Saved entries
⁂

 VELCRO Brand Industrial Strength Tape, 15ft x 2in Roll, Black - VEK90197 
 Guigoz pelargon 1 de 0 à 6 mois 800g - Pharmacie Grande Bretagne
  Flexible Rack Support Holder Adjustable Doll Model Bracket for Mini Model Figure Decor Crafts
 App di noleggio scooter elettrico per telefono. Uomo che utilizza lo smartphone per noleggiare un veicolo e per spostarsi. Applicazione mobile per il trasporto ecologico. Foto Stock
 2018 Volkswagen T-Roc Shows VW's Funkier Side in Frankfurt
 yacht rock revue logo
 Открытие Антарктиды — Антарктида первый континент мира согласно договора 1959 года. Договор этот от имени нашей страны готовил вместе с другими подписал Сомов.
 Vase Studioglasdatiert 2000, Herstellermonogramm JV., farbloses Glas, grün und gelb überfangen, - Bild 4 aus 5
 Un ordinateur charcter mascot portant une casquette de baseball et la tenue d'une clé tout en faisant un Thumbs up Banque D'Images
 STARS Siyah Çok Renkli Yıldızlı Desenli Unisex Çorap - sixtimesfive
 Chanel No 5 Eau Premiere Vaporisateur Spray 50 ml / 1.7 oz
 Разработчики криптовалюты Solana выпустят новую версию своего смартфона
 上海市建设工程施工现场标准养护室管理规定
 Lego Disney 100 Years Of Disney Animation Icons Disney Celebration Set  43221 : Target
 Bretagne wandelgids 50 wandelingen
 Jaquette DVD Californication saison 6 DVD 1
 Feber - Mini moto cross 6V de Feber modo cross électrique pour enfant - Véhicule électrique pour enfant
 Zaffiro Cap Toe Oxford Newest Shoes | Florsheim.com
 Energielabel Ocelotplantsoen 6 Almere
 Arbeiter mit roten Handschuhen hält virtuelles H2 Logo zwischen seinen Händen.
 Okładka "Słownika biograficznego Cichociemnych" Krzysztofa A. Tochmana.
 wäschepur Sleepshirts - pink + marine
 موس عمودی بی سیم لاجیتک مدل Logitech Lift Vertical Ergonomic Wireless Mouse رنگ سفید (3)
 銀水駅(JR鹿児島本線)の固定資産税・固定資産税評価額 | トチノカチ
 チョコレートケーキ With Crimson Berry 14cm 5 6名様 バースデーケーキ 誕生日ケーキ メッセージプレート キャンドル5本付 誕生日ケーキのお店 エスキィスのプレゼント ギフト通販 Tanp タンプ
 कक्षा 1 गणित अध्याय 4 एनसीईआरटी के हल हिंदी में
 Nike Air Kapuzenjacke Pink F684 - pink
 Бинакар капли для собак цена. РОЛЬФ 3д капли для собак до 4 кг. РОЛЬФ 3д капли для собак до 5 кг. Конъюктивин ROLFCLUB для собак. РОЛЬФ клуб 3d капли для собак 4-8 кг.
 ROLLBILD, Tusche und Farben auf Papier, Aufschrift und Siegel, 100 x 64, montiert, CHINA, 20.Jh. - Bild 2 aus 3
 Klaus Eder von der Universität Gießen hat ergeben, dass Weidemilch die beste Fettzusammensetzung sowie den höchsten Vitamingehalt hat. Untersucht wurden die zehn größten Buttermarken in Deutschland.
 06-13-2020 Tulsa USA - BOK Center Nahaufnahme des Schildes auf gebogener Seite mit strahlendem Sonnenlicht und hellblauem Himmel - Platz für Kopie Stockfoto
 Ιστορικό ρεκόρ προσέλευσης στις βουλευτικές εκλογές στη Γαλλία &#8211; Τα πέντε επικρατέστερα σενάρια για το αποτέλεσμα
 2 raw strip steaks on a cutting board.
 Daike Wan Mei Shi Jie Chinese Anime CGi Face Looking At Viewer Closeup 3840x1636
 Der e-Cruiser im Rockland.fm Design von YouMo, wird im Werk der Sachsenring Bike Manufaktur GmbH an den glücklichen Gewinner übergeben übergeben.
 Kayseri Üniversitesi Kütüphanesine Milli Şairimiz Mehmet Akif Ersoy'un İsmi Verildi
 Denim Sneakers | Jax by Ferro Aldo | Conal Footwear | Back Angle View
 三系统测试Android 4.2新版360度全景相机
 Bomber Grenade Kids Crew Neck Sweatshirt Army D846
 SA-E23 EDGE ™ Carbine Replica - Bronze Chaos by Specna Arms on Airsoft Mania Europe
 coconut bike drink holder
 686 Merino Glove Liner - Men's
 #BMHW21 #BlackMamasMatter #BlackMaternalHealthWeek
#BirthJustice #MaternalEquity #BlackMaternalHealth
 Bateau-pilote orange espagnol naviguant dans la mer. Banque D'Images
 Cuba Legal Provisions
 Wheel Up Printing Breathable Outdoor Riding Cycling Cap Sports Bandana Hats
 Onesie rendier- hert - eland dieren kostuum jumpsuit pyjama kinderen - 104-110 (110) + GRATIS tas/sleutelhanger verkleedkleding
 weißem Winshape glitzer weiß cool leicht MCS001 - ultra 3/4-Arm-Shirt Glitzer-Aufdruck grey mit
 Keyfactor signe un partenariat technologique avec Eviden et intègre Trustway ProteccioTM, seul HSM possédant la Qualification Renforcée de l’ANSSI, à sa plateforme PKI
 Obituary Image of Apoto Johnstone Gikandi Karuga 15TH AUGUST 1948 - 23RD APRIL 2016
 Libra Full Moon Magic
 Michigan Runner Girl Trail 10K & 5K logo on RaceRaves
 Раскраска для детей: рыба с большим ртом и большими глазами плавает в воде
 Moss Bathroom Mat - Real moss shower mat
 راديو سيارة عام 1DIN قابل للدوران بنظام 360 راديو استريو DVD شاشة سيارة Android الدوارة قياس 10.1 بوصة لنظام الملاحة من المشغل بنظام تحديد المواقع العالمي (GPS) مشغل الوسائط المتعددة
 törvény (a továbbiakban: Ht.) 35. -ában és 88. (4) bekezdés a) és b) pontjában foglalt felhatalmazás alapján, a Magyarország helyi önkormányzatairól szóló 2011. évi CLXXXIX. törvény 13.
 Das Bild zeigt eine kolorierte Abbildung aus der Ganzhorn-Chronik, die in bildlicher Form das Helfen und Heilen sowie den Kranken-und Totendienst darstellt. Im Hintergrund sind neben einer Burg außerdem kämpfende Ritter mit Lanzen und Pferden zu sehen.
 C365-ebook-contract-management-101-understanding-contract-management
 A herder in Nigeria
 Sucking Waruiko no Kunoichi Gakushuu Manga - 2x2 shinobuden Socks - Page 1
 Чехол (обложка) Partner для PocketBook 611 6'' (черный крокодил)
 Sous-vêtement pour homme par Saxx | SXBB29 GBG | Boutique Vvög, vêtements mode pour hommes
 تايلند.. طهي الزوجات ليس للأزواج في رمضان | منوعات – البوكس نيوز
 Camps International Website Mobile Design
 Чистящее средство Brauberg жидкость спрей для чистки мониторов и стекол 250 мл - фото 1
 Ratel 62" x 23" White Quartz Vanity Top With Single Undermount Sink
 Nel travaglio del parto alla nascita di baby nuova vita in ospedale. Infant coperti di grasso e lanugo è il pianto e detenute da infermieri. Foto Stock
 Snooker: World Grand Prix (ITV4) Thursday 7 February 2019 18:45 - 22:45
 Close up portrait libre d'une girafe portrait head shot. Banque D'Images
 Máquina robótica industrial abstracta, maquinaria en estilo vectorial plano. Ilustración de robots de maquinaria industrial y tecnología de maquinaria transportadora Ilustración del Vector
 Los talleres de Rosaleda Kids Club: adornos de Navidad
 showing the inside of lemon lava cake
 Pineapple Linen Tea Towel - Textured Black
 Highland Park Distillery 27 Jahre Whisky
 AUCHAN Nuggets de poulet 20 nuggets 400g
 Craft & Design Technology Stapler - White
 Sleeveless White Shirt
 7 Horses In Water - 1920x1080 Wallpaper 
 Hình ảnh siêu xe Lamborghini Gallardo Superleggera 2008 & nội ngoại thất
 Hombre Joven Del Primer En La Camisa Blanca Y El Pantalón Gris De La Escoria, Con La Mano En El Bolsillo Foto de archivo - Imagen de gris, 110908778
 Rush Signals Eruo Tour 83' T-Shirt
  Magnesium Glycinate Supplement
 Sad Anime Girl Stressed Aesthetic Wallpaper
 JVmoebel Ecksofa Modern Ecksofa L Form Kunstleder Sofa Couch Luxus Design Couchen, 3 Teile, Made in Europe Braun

⁂

Return, with no change at all, every line in the entries above from the line containing "06-13-2020 Tulsa USA" through the line containing "Cuba Legal Provisions".

 06-13-2020 Tulsa USA - BOK Center Nahaufnahme des Schildes auf gebogener Seite mit strahlendem Sonnenlicht und hellblauem Himmel - Platz für Kopie Stockfoto
 Ιστορικό ρεκόρ προσέλευσης στις βουλευτικές εκλογές στη Γαλλία &#8211; Τα πέντε επικρατέστερα σενάρια για το αποτέλεσμα
 2 raw strip steaks on a cutting board.
 Daike Wan Mei Shi Jie Chinese Anime CGi Face Looking At Viewer Closeup 3840x1636
 Der e-Cruiser im Rockland.fm Design von YouMo, wird im Werk der Sachsenring Bike Manufaktur GmbH an den glücklichen Gewinner übergeben übergeben.
 Kayseri Üniversitesi Kütüphanesine Milli Şairimiz Mehmet Akif Ersoy'un İsmi Verildi
 Denim Sneakers | Jax by Ferro Aldo | Conal Footwear | Back Angle View
 三系统测试Android 4.2新版360度全景相机
 Bomber Grenade Kids Crew Neck Sweatshirt Army D846
 SA-E23 EDGE ™ Carbine Replica - Bronze Chaos by Specna Arms on Airsoft Mania Europe
 coconut bike drink holder
 686 Merino Glove Liner - Men's
 #BMHW21 #BlackMamasMatter #BlackMaternalHealthWeek
#BirthJustice #MaternalEquity #BlackMaternalHealth
 Bateau-pilote orange espagnol naviguant dans la mer. Banque D'Images
 Cuba Legal Provisions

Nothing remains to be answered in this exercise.